Base metals prices on the Shanghai Futures Exchange were on divergent paths during morning trading on Monday September 16, with risk aversion among investors heightening following an attack on Saudi Arabian oil facilities over the weekend.
News on Saturday of a drone attack on Saudi Arabian state-owned oil producer Saudi Aramco’s oil production facilities at Abqaiq and Khurais in eastern Saudi Arabia has sparked fears of major disruption in world oil supplies, causing oil prices to soar.
Aramco announced that emergency crews had contained fires at its plants in Abqaiq and Khurais following the attack, but added that the incident had resulted in production suspension of 5.7 million tonnes of crude oil per day.
Oil prices surged in response; Brent crude oil futures were at $66.93 per barrel as at 9.58am Shanghai time, compared with $60.22 per barrel during late European afternoon trading on Friday.
In the base metals, prices gave a mixed performance while the complex contends with the ramp-up in tensions in the Middle East and growing expectations of a trade deal being struck between China and the United States.
“The possibility of a trade deal between the world’s two largest economies has boosted sentiment in the base metals markets,” analysts with ANZ Research said in a morning note.
“The copper price is most sensitive to macroeconomic changes, and this morning’s pick-up demonstrates a promising geopolitical outlook between China and US,” a Shanghai-based analyst said.
The most-traded November copper contract on the SHFE stood at 47,650 yuan ($6,730) per tonne as at 9.58am Shanghai time, up by 160 yuan per tonne – or 0.3% – from Friday’s close of 47,490 yuan per tonne.
Limited gains were also seen in the most-traded contracts for zinc (+0.1%) and lead (+0.2%), while the rest weakened – led by a 3.3% drop in the most-traded November nickel contract to 139,900 yuan per tonne.
“Nickel was the odd metal out as the market continues to contemplate the impact of Indonesia’s recent nickel export ban.
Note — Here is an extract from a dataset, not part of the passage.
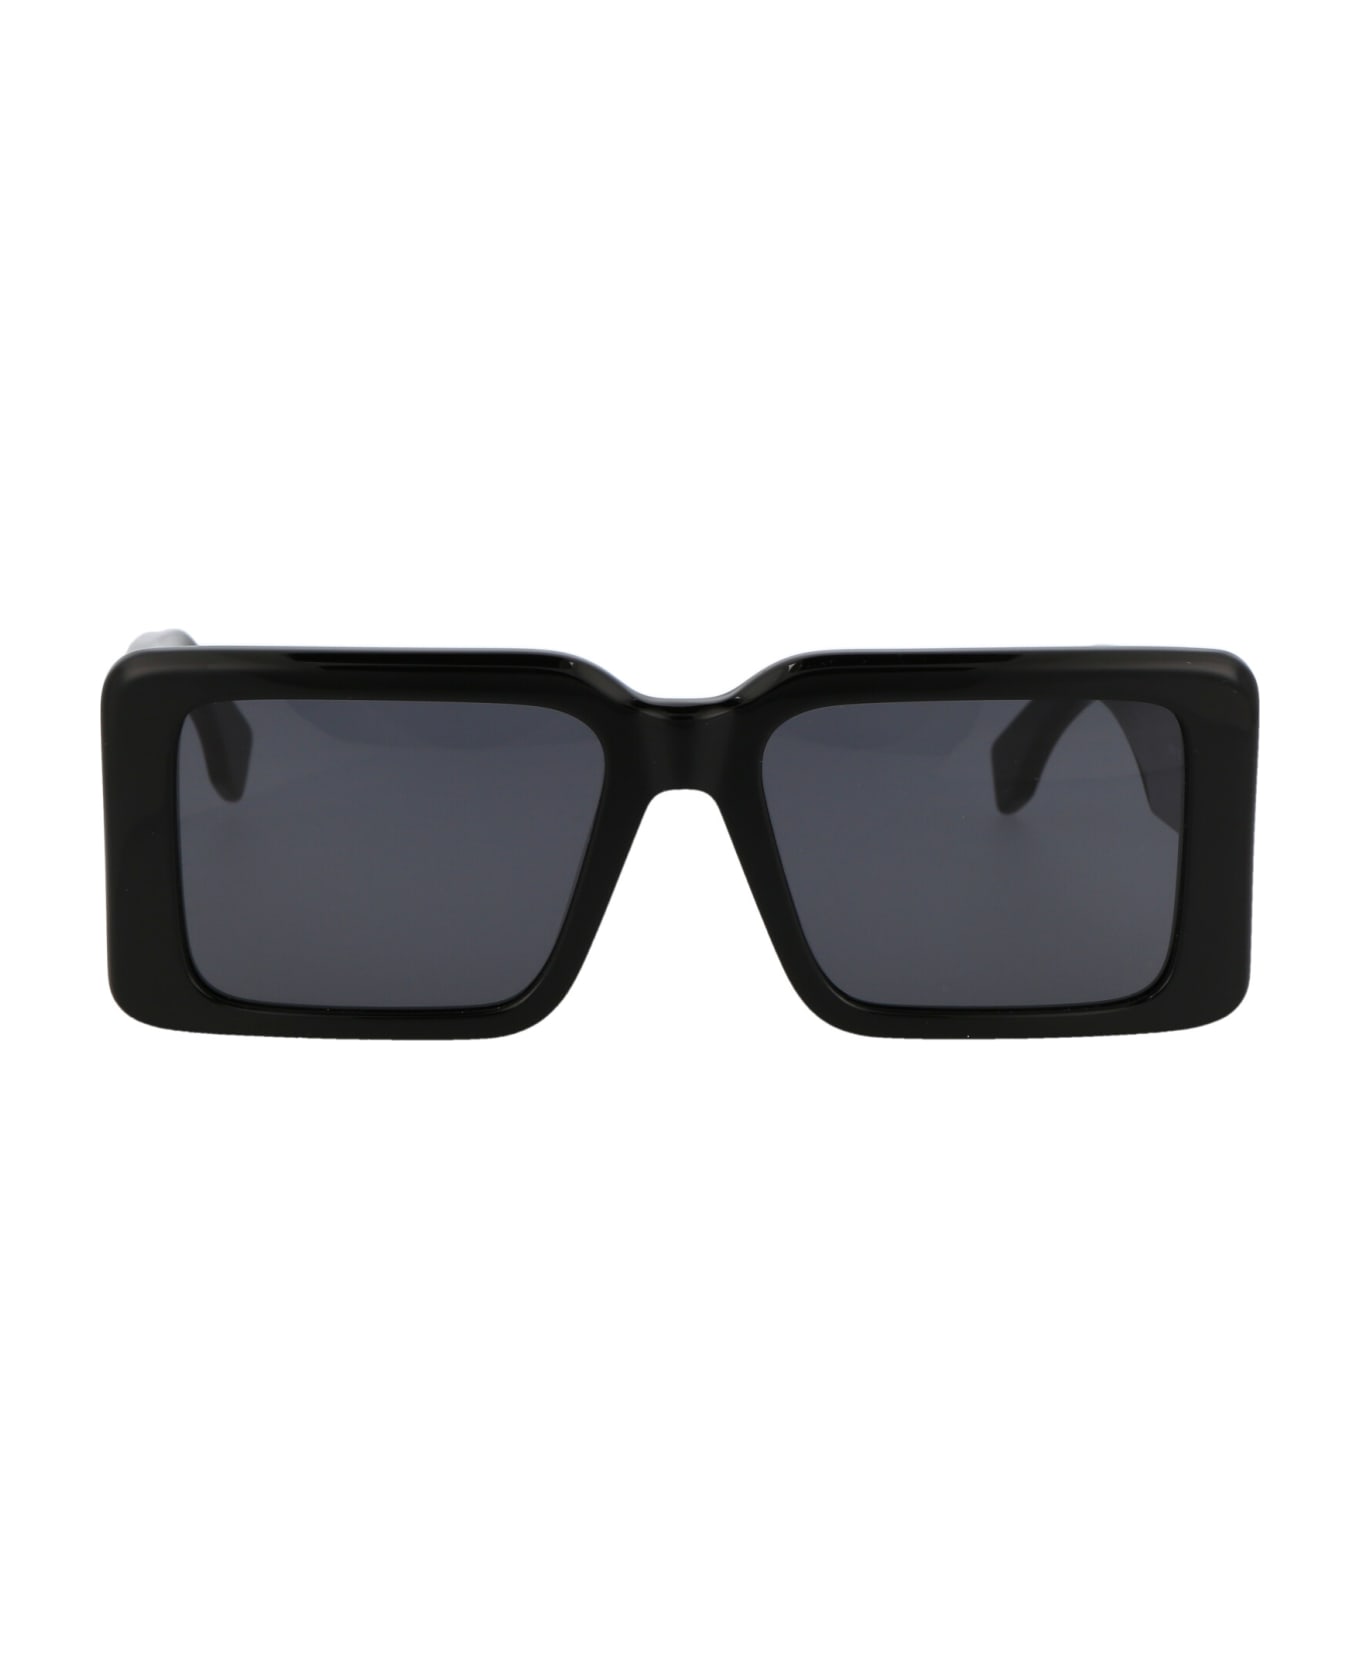 Marcelo Burlon Sicomoro Sunglasses - 1007 BLACK

This was heightened by data showing inventories on the [London Metal Exchange] gained 6.6% on Friday, the largest single day rise since August last year,” ANZ noted.
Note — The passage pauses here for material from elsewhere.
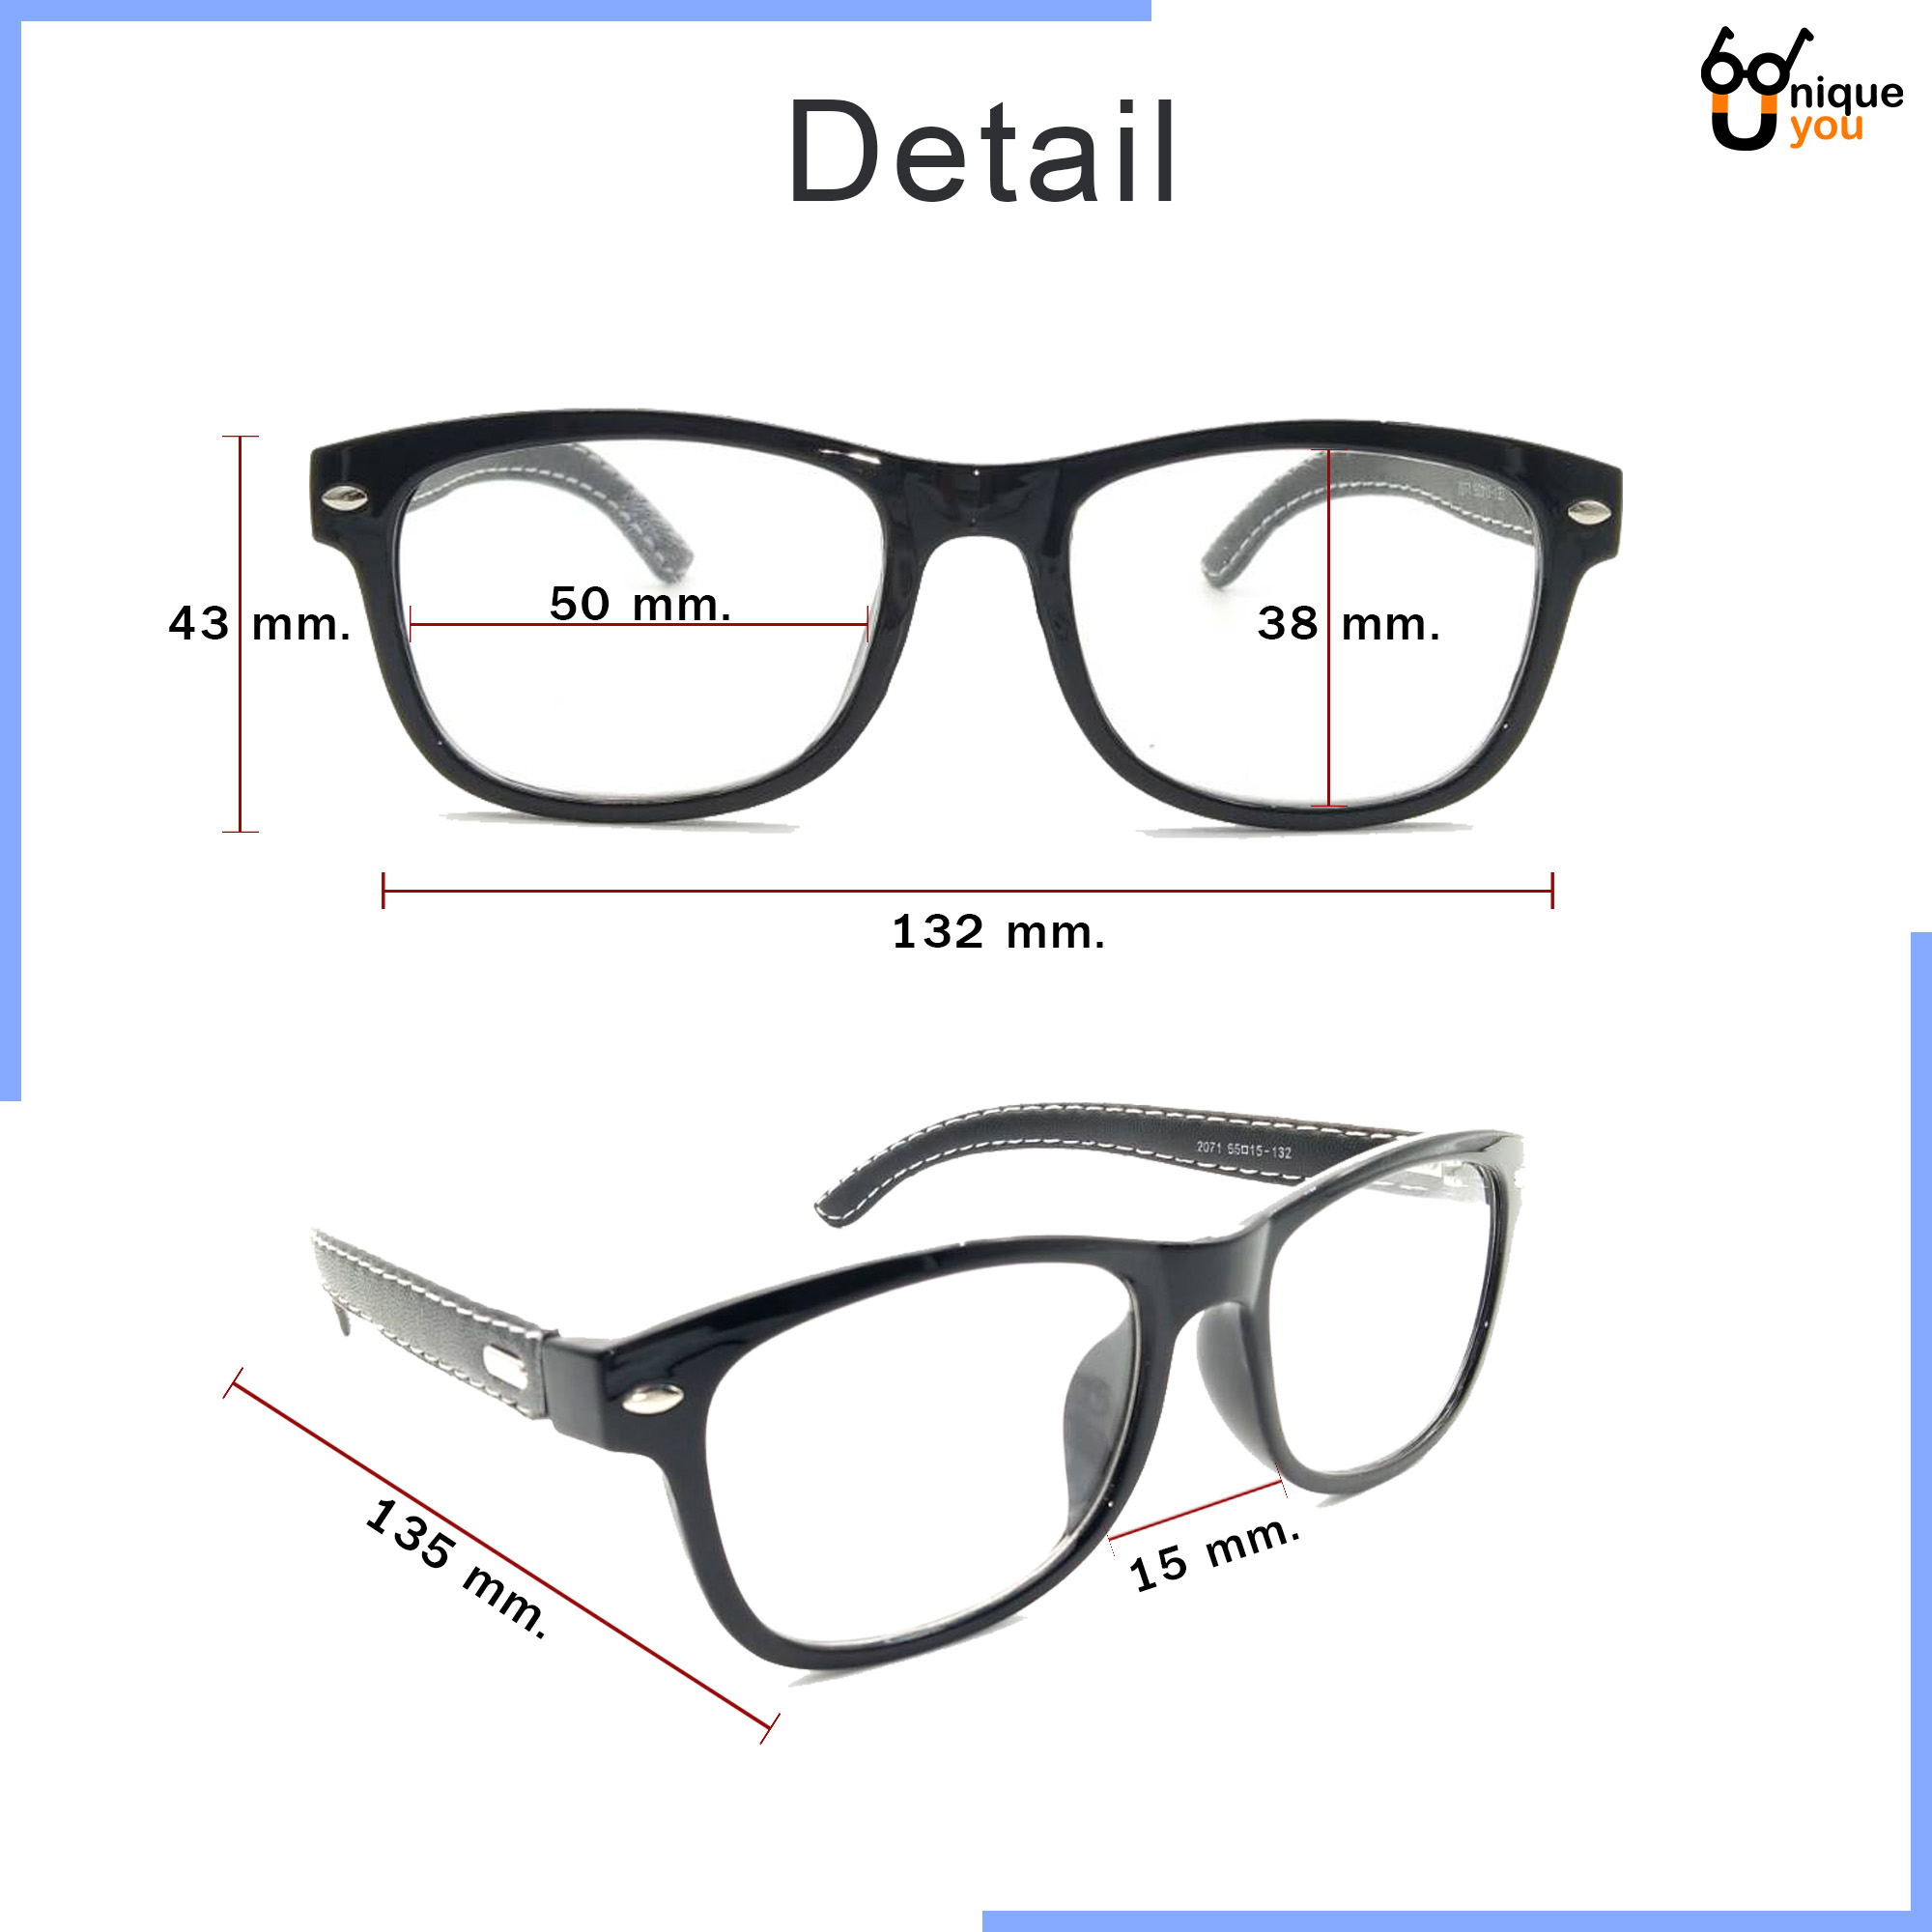 รูปภาพเพิ่มเติมของ Uniq แว่นสายตายาว แว่นสายตาสั้น ขาหนังPU กรอบแว่นหนังPU แว่นสายตา+กรอบแว่นตา แว่นสายตายาว-สั้น

A fresh inflow of some 12,198 tonnes of nickel was delivered into predominantly European warehouses on Friday, with LME-registered warehouses in Vlissingen the recipient of some 10,000 tonnes, and Rotterdam another 1,000 tonnes.
“The rally in nickel prices over the past few months is mainly due to speculation surrounding the nickel laterite ore export ban in Indonesia, and it was finalized last month, so there’s not much of an incentive for prices to achieve higher levels,” a second Shanghai-based analyst said.